Please also refer to FIGS. 3a-4b. When using the interactive system 10 of the first embodiment of the present invention for gesture recognition, firstly use the image sensor 13 to capture an image to form an image window 20, which includes at least one corresponding to the indication. The shading light shadow I ₈₁ of the object contact point T ₈₁ and at least one shading light shadow I ₈₁ ′ corresponding to the first mirror image contact point T ₈₁ ′ (step S ₁ ). Next, the processing unit 14 retrieves shading information in the image window 20, such as the average number of shading shadows, the average distance between shadows and the maximum distance between shadows, etc., for use in subsequent steps (step S ₂ ). Next, the processing unit 14 determines whether there are multiple indicators in the image window 20 according to the captured shading light and shadow information (step S ₃ ), wherein each indicator will generate a maximum of 2 shading lights and shadows on the image window 20, so when When more than two shadows appear on the image window 20, it means that there are multiple pointers.
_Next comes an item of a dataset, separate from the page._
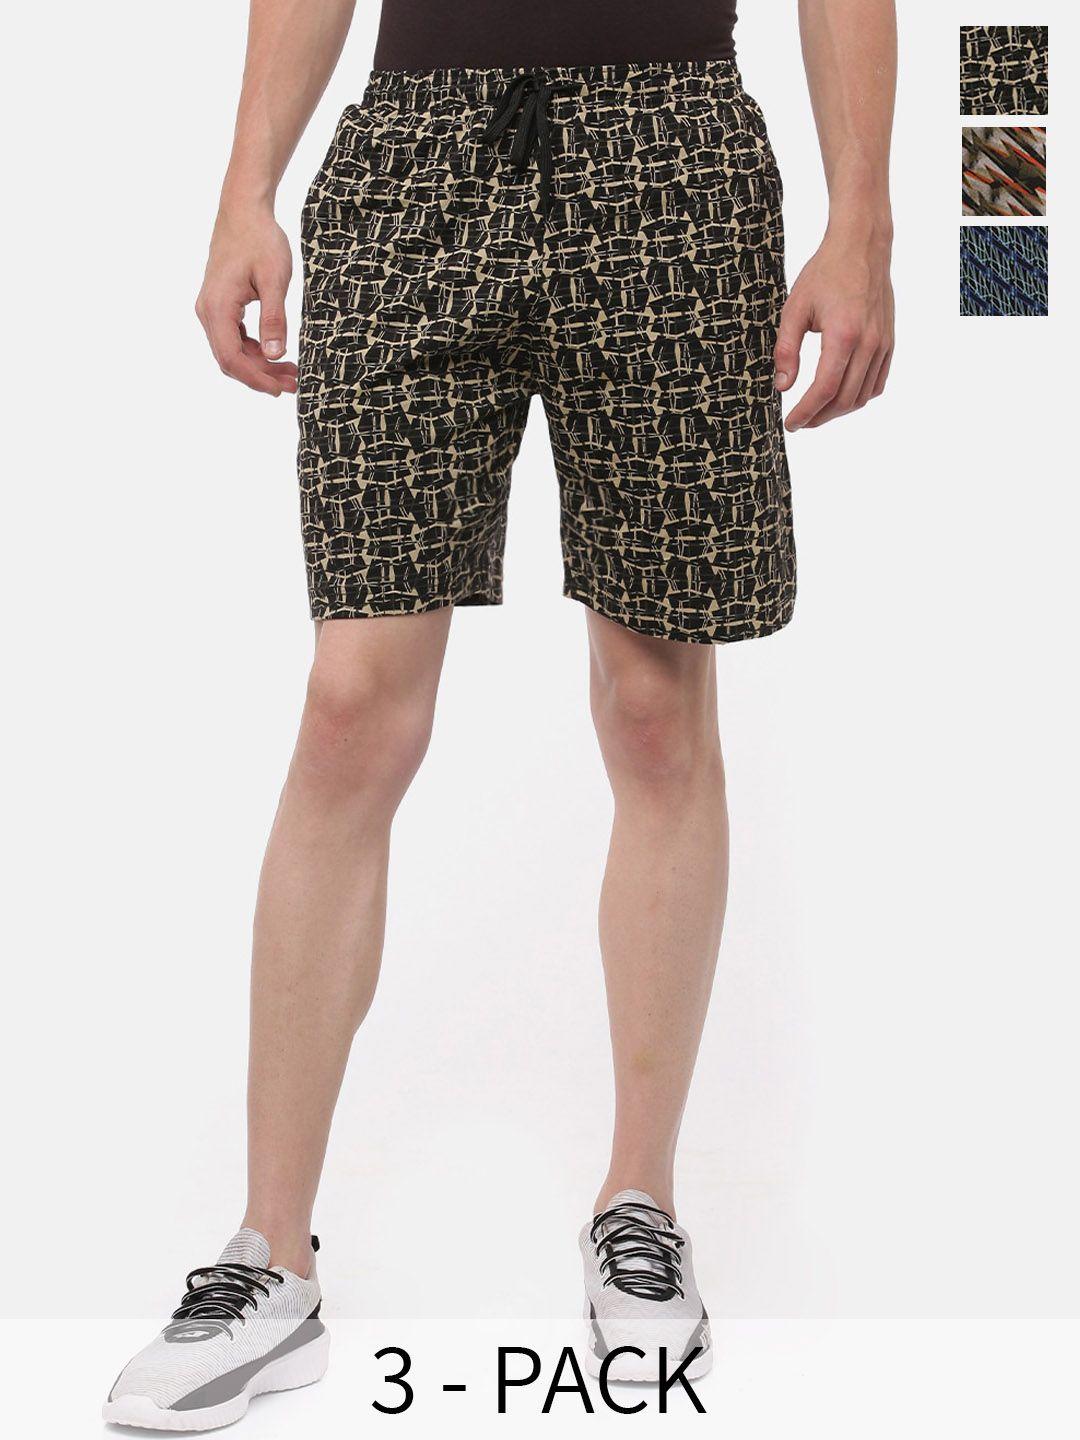 dollar-men-pack-of-3-abstract-printed-assorted-mid-rise-cotton-shorts
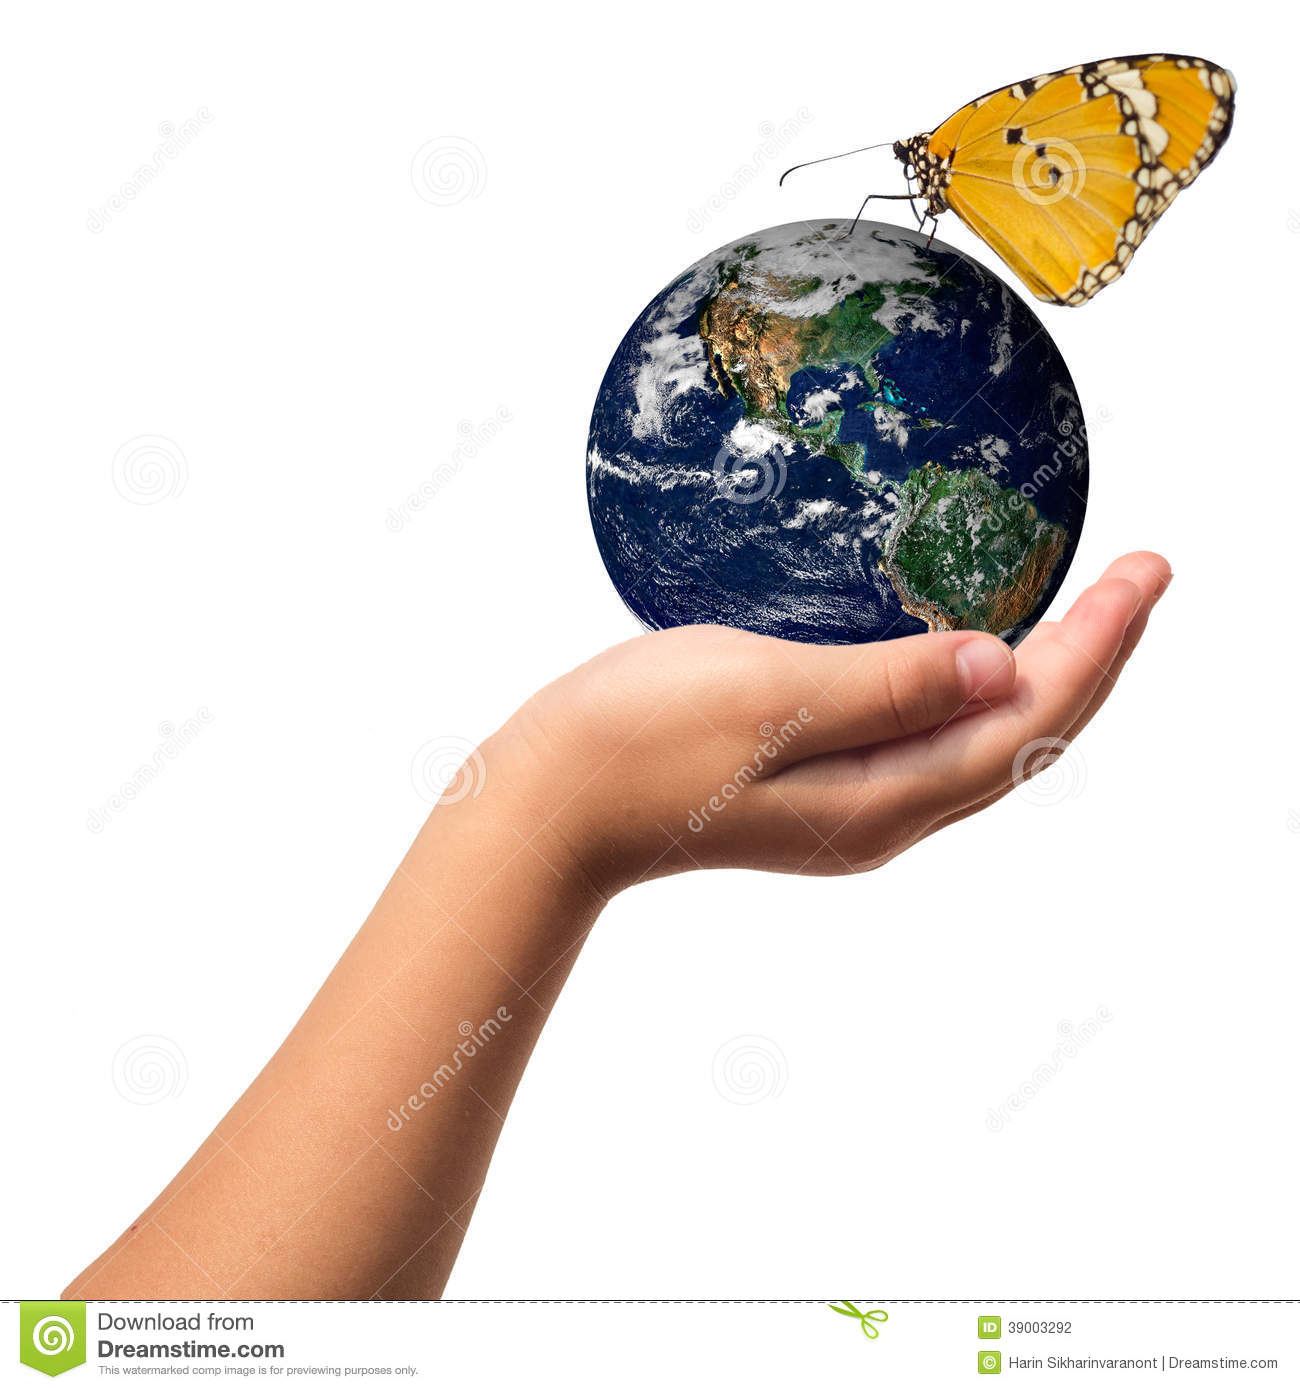 Earth Care With Helping Hands Concept Stock Photo   Image  39003292

When it is determined that only one pointer is included, as shown in FIG. 3a and FIG. 3b , the processing unit 14 controls the interactive system 10 to enter the first mode (step S ₄ ). In the _first mode, the processing unit 14 calculates the point of contact of the pointer touching the panel surface _100s (eg T ₈₁ ), and relatively control the movement of the cursor 151 on the image display 15 according to the change of the two-dimensional position coordinates.

When the processing unit 14 determines that there are multiple indicators touching the panel surface 100s according to the shading light and shadow information, as shown in FIGS. 5a to 5h , the interactive system 10 is controlled to enter the second mode (step S ₅ ). In the second mode, the processing unit 14 performs gesture recognition according to the mutual relationship between shading lights and shadows in the image window 20, and controls the screen update of the screen displayed on the display screen 150 of the image display 15 according to the recognized gesture, for example Perform screen scrolling, zoom in and out of objects or windows, rotate objects, switch screens or display menus, etc.

Referring to FIG. 5 a to FIG. 5 h , the implementation of the second mode will be described next, wherein the light emitting unit 11 is described by taking a passive light source as an example in this description. In addition, it can be understood that what is shown in Fig. 5a to Fig. 5h is only illustrative and not intended to limit the present invention.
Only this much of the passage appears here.